_Data segment_:
========================
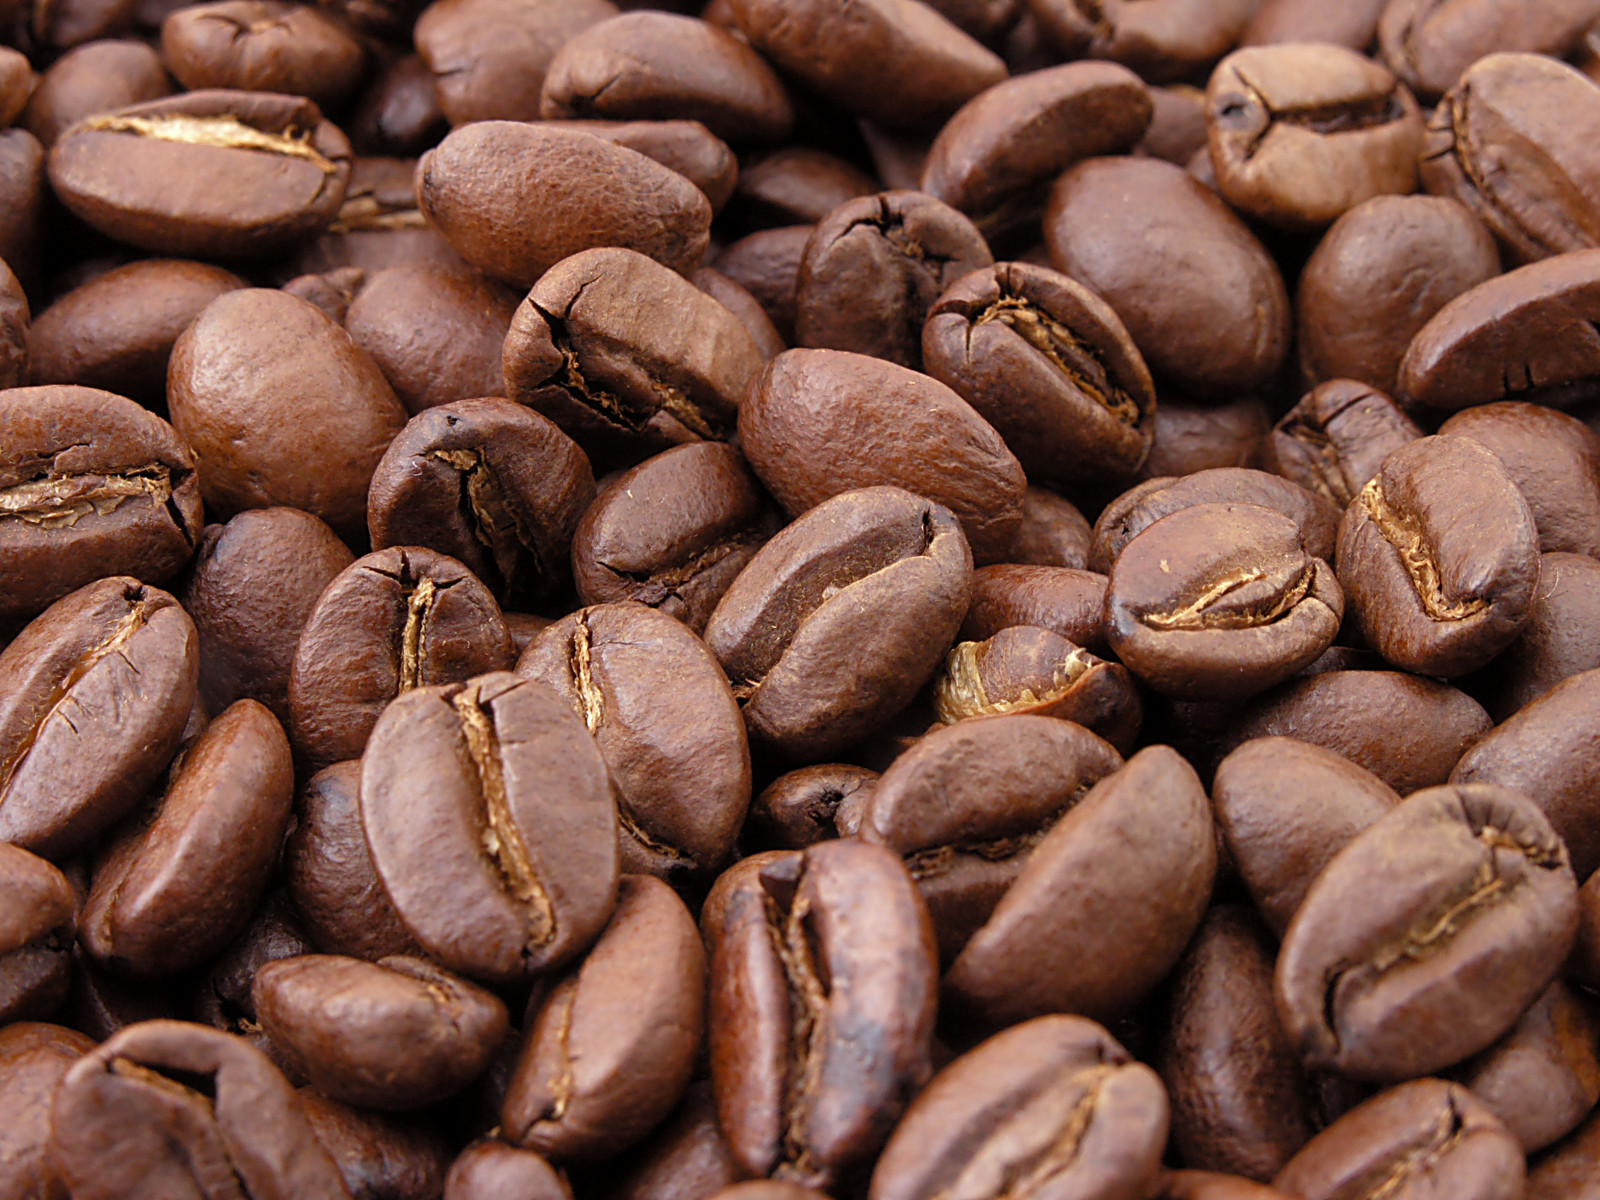 Where Do Coffee Shops Get Their Beans
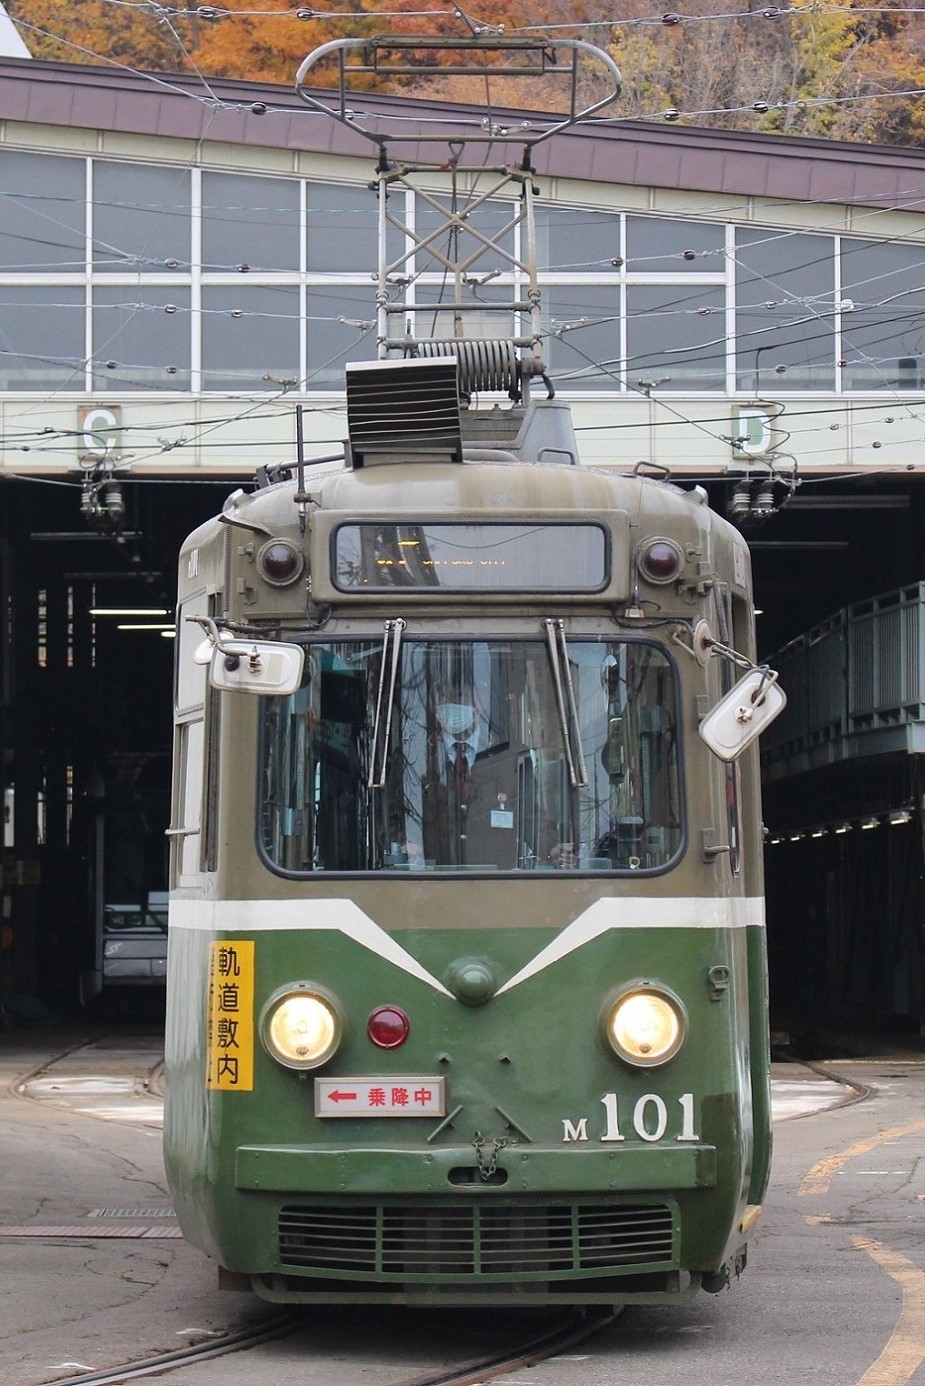 札幌市電M101ラストランa07
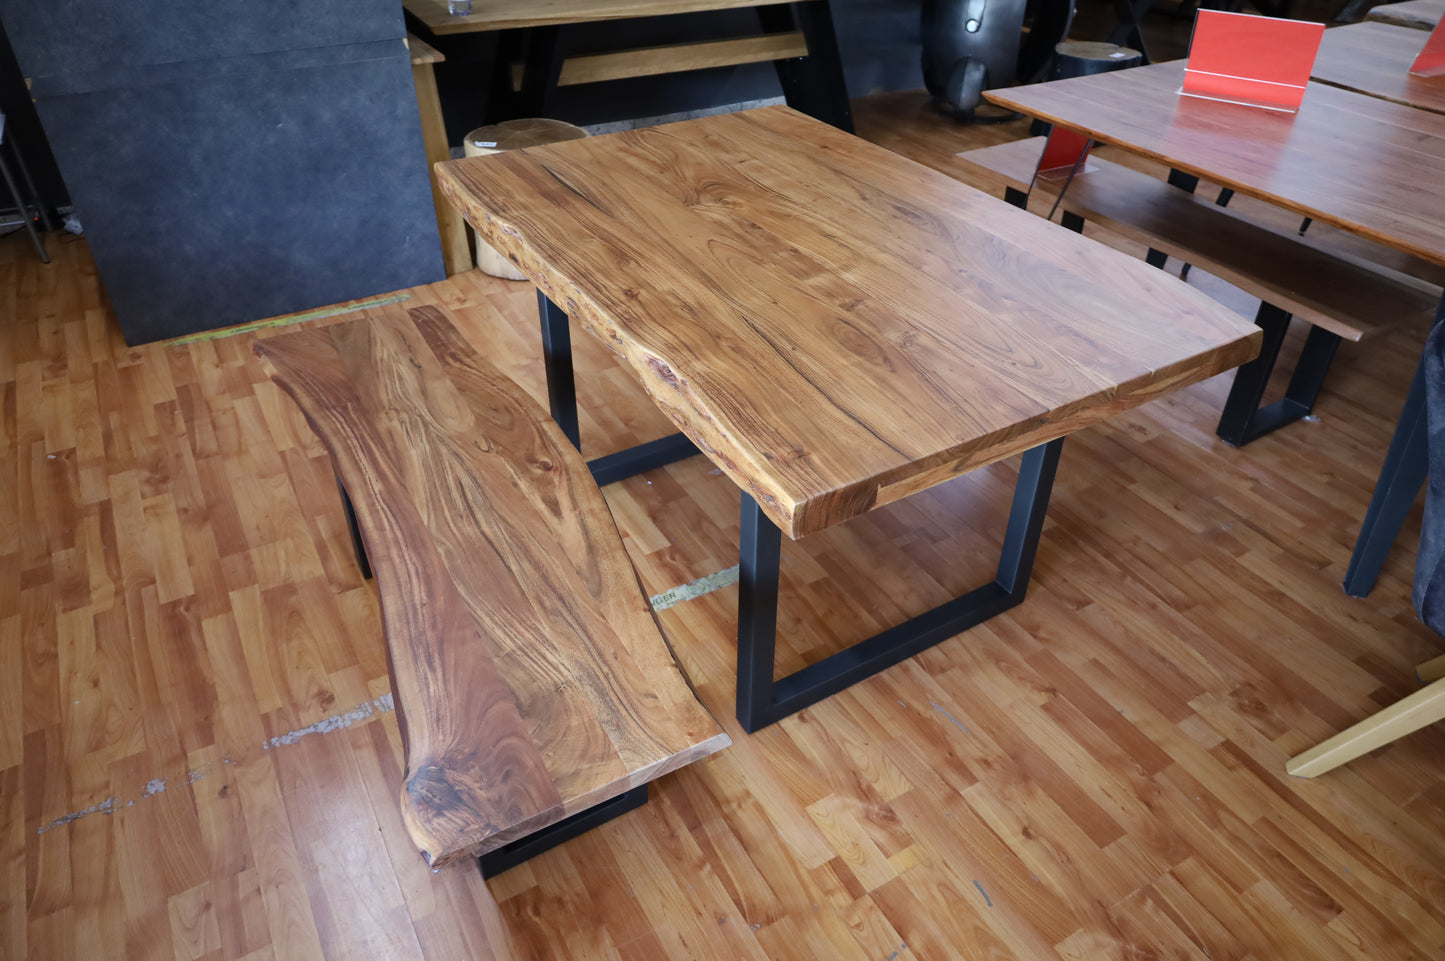 Esstisch Tisch + Massivholz Akazie +Echte Baumkante 200x100cm
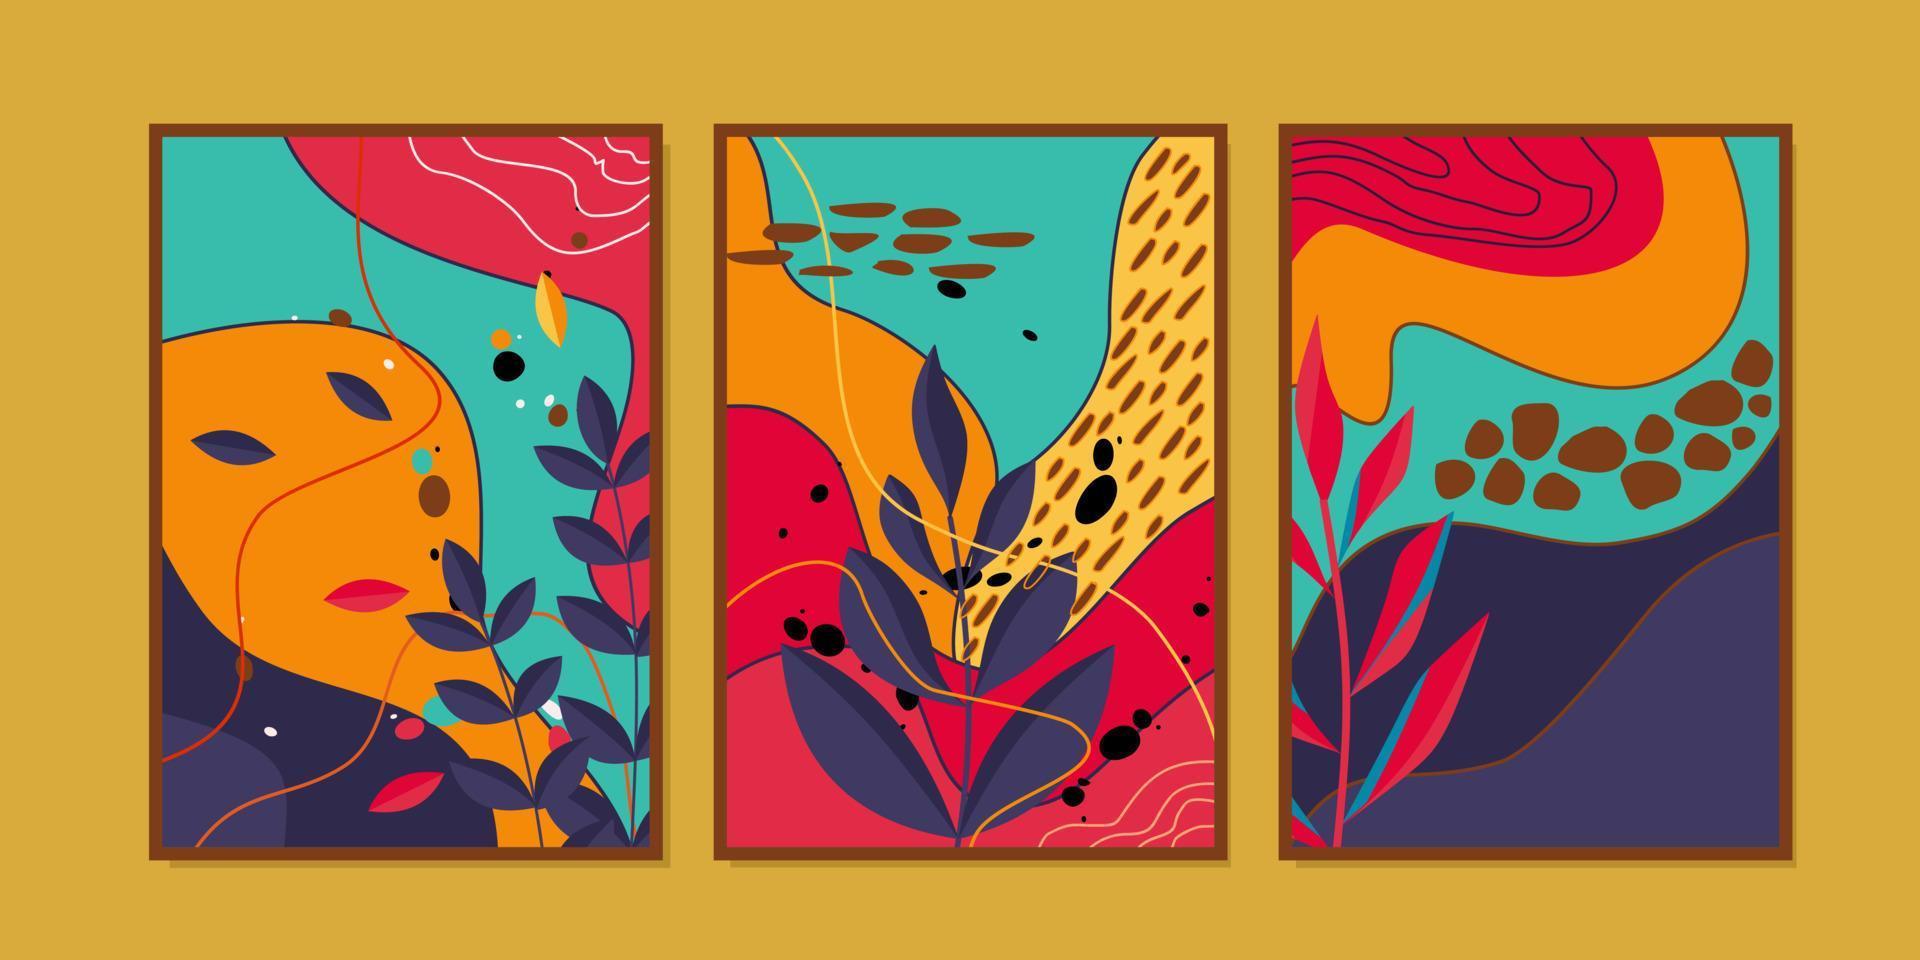 abstrakte botanische Wandkunst-Plakatdrucke. Design für Wanddekoration, Innenausstattung, Drucke, Cover, Katalog vektor
========================
Your task is to repeat the listing exactly while omitting its pictures.

_Response_:
 Where Do Coffee Shops Get Their Beans
 札幌市電M101ラストランa07
 Esstisch Tisch + Massivholz Akazie +Echte Baumkante 200x100cm
 abstrakte botanische Wandkunst-Plakatdrucke. Design für Wanddekoration, Innenausstattung, Drucke, Cover, Katalog vektor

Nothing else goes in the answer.